With the nomination approaching, Sessions’ record is being examined in-depth, as it should. In an article titled, Trump’s pick for attorney general is shadowed by race and history, the Washington Post examined how Sessions brought a voter fraud case against black civil rights activists, which he lost, “The case and allegations of racial insensitivity figured prominently at a Senate hearing a year later at which Sessions’s nomination to be a federal judge was defeated by a vote of the Judiciary Committee.”

As one of the witnesses, J. Gerald Hebert,  who testified against Session in 1986 noted in a recent Washington Post op-ed that Sessions hasn’t changed much since then:

The comments I heard him make are three decades old, but his consistent policy positions over the years speak volumes. He falsely charged three African American civil rights activists in Alabama, including a longtime adviser to Martin Luther King Jr., with 29 counts of mail fraud, altering absentee ballots and attempting to vote multiple times. The evidence showed that these activists were simply helping elderly African American voters complete mail-in ballots. All were acquitted of every charge.

In the decades since, Sessions has promoted the myth of voter-impersonation fraud, despite overwhelming evidence that it is exceedingly rare. At the same time, he has ignored the racial impact of voting restrictions, which have a well-documented negative effect on minority communities, the impoverished and the elderly. He has disagreed that people are sometimes denied the right to vote, and in the wake of Shelby County v. Holder, which struck down a key provision of the Voting Rights Act, he proclaimed victory. Sessions asserted that “Shelby County has never had a history of denying voters” — willfully discounting the Alabama county’s recent history of discriminatory voting changes.

The Senate Judiciary Committee has developed strict standards of scrutiny for nominees – standards that Sessions himself imposed while serving on the Senate Judiciary Committee. So, it’s astounding that Sessions has failed to provide a full record to the committee:

President-elect Donald Trump’s pick for attorney general, Jeff Sessions, is withholding decades’ worth of records from his career ahead of his Senate confirmation hearings early next month, according to an exhaustive report issued Friday by progressive advocacy groups.

The groups, which include Alliance for Justice and People for the American Way, reviewed the questionnaire that Sessions filled out for the Senate Judiciary Committee ― it requires complete documentation of employment history, published writings, interviews and speeches, among other things ― and found “astonishingly deficient” responses.
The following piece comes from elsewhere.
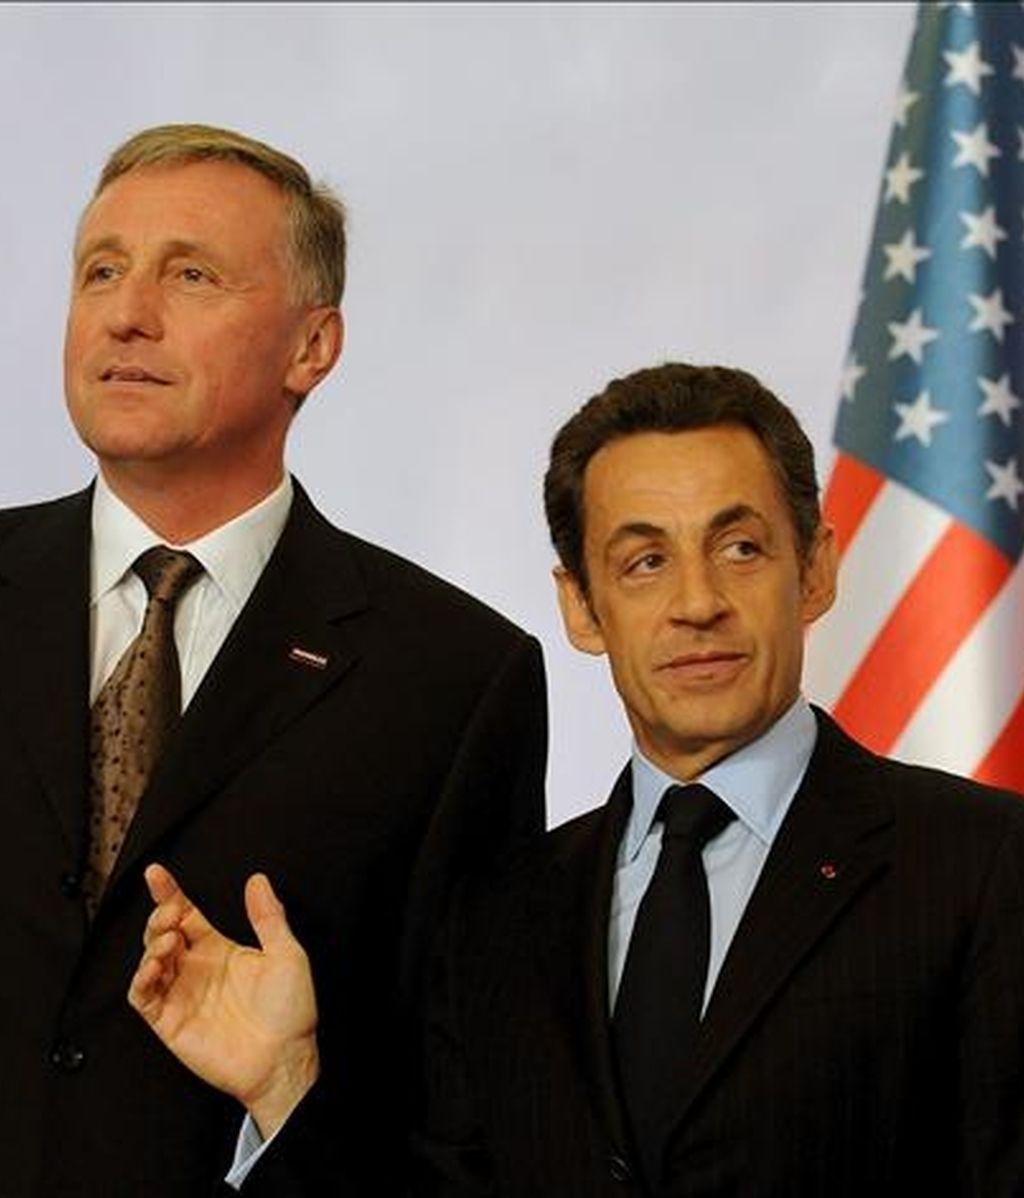 El presidente francés, Nicolas Sarkozy (d), y su homólogo checo y presidente del Consejo Europeo, Mirek Topolanek, posan hoy para los fotógrafos antes del inicio de la cumbre informal UE-EEUU, en Praga, República Checa. EFE

He left out major details from his years as U.S. attorney for the Southern District of Alabama, from 1981 to 1993; as attorney general of Alabama, from 1995 to 1997; and as a first-term U.S. senator, from 1997 to 2002.

The gaps encompass the time, for example, when Sessions was nominated to be a federal judge in 1986 ― and then rejected after being deemed too racist.

That’s quite an omission.

And, for anyone who claims this was all 30 years ago, we’ve watched Sessions over the year as he’s been the leading anti-immigrant voice in the Senate and allied himself with hate groups, like FAIR. Also, in a Senate floor speech 10 years ago, Sessions maligned every immigrant from the Dominican Republic, “Fundamentally, almost no one coming from the Dominican Republic to the United States is coming here because they have a provable skill that would benefit us and that would indicate their likely success in our society,”

We’ll be monitoring the Sessions nomination closely over the next few weeks and providing updates on the latest developments.